▸ **Input data**:
== Segment start ==

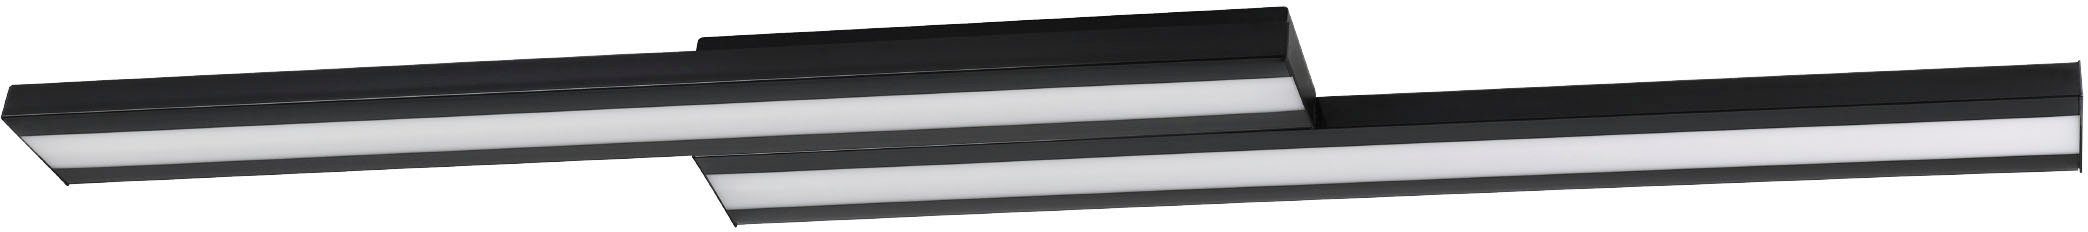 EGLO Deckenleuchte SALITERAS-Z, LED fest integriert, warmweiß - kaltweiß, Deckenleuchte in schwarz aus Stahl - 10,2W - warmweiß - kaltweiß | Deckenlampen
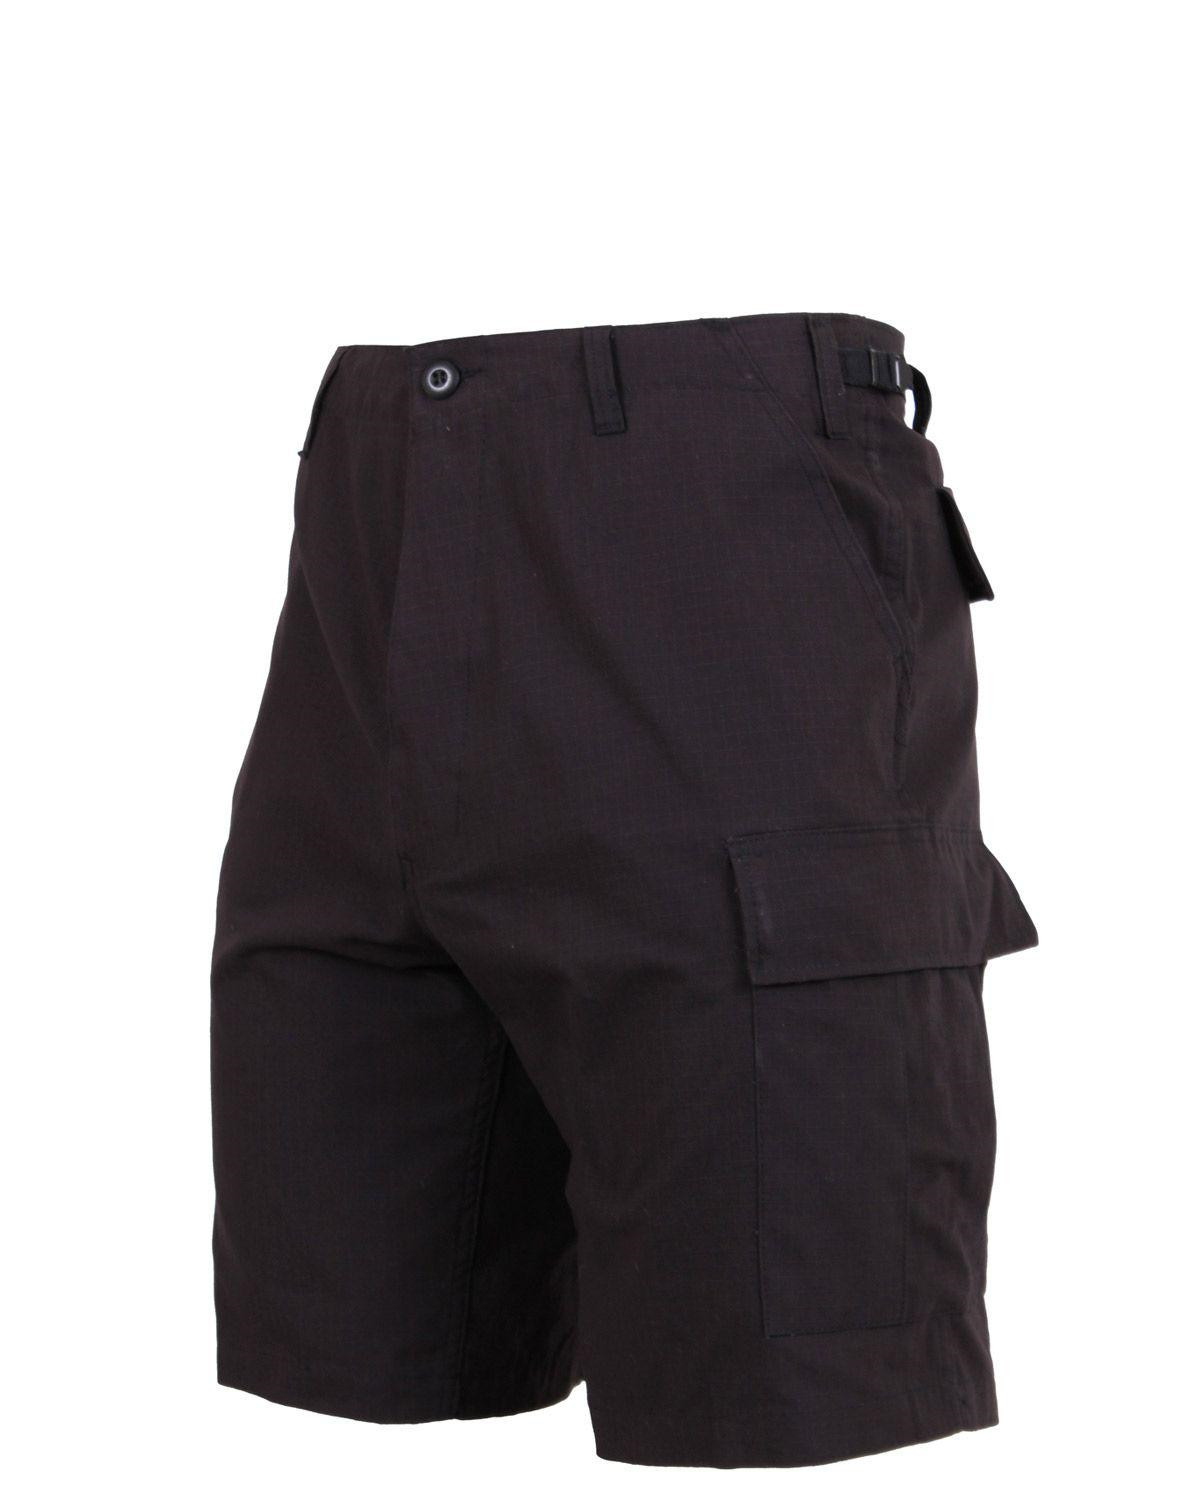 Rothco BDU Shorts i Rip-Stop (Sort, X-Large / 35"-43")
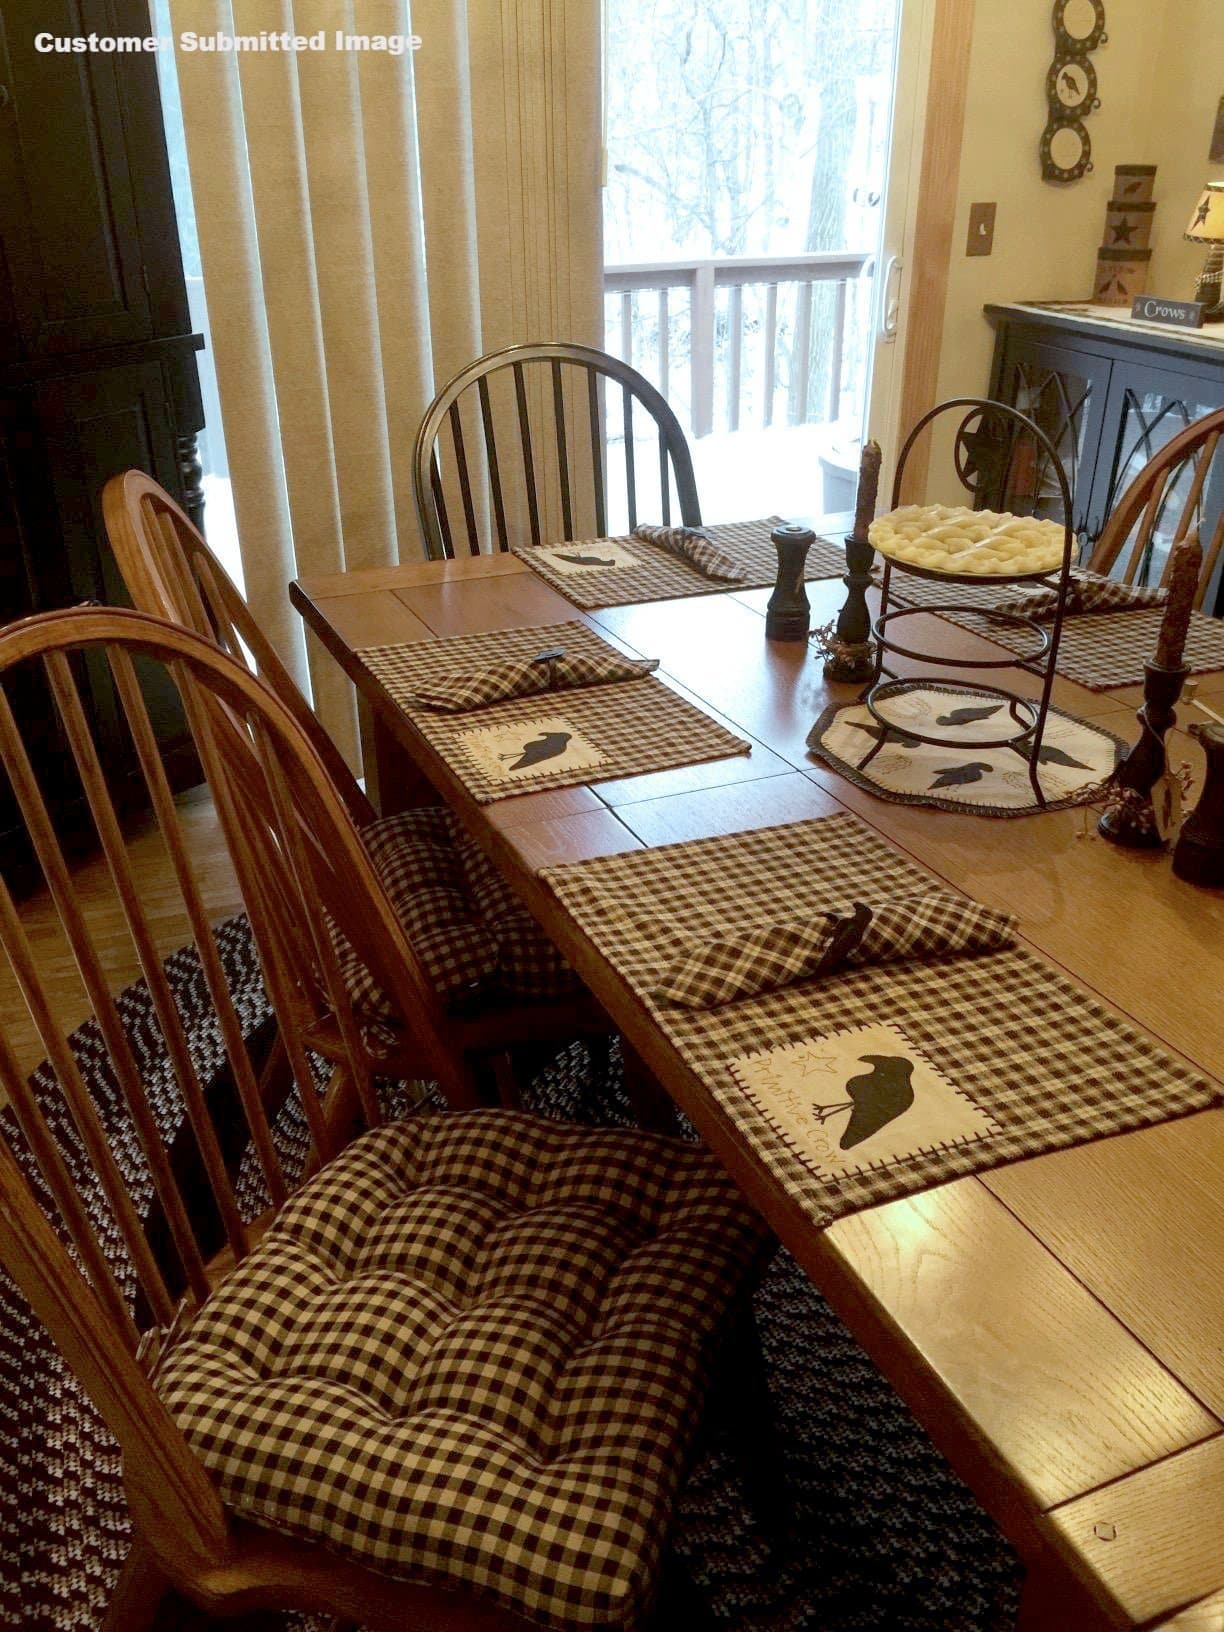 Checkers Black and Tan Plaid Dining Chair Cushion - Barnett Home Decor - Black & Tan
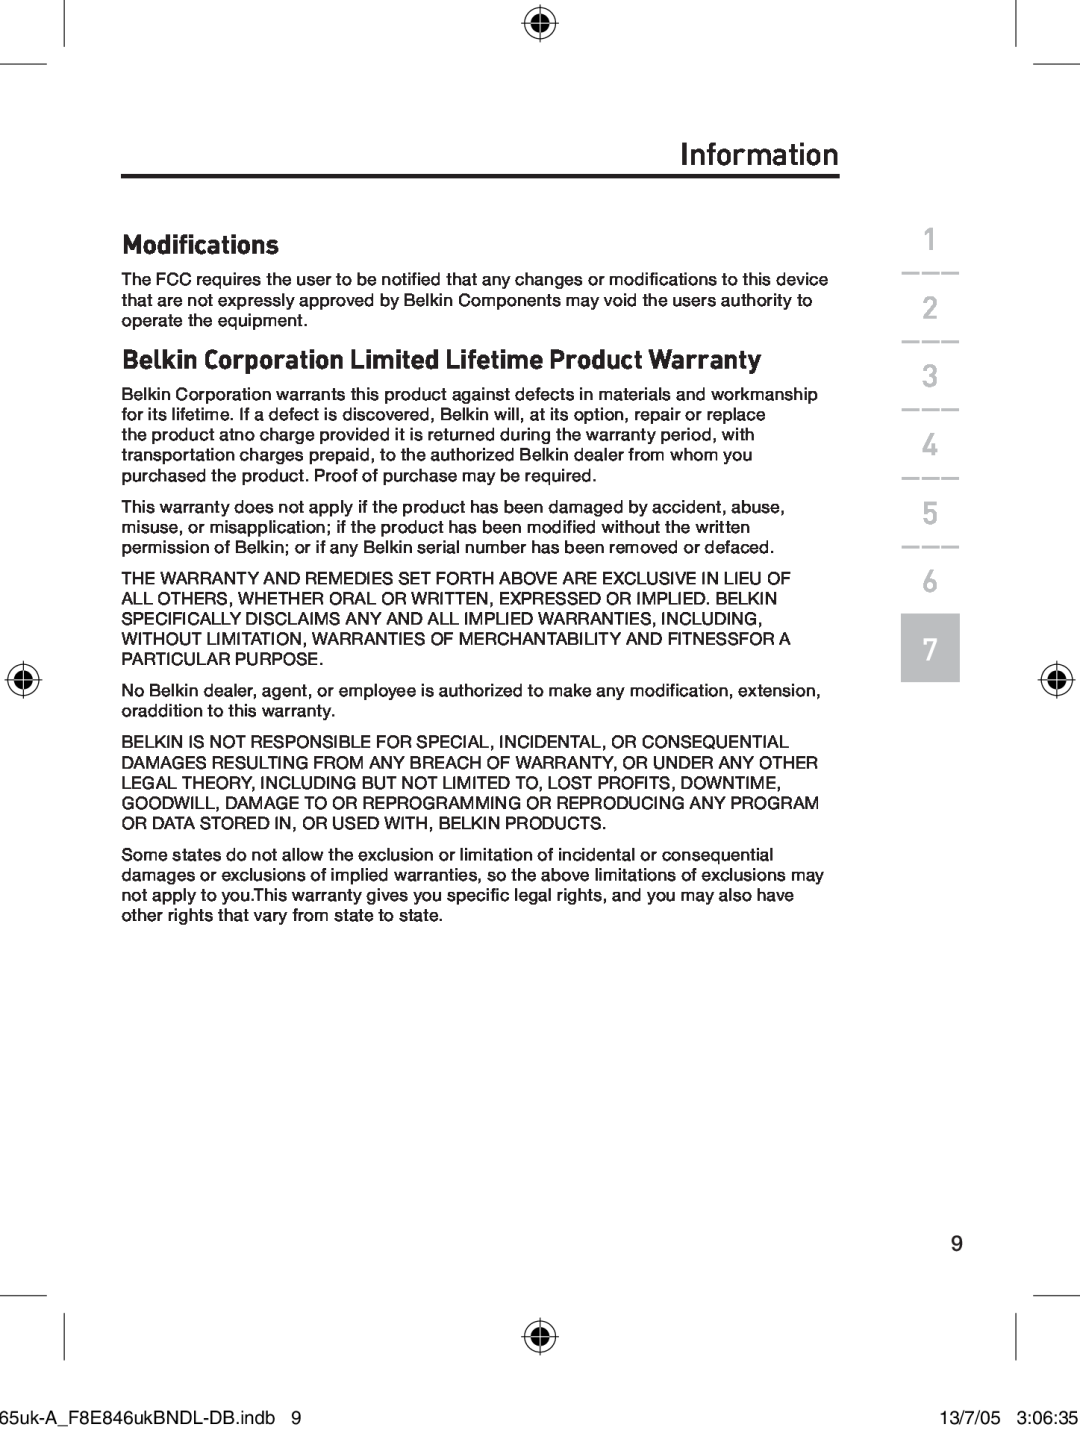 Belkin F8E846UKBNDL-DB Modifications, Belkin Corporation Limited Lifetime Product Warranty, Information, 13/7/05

== Segment end ==

▸ **What is expected**:
Write the lines from the line containing "Checkers Black and" through the last line of the data out again exactly, and only those lines; pictures stay out.

▸ **Solution to this problem**:
 Checkers Black and Tan Plaid Dining Chair Cushion - Barnett Home Decor - Black & Tan
 Belkin F8E846UKBNDL-DB Modifications, Belkin Corporation Limited Lifetime Product Warranty, Information, 13/7/05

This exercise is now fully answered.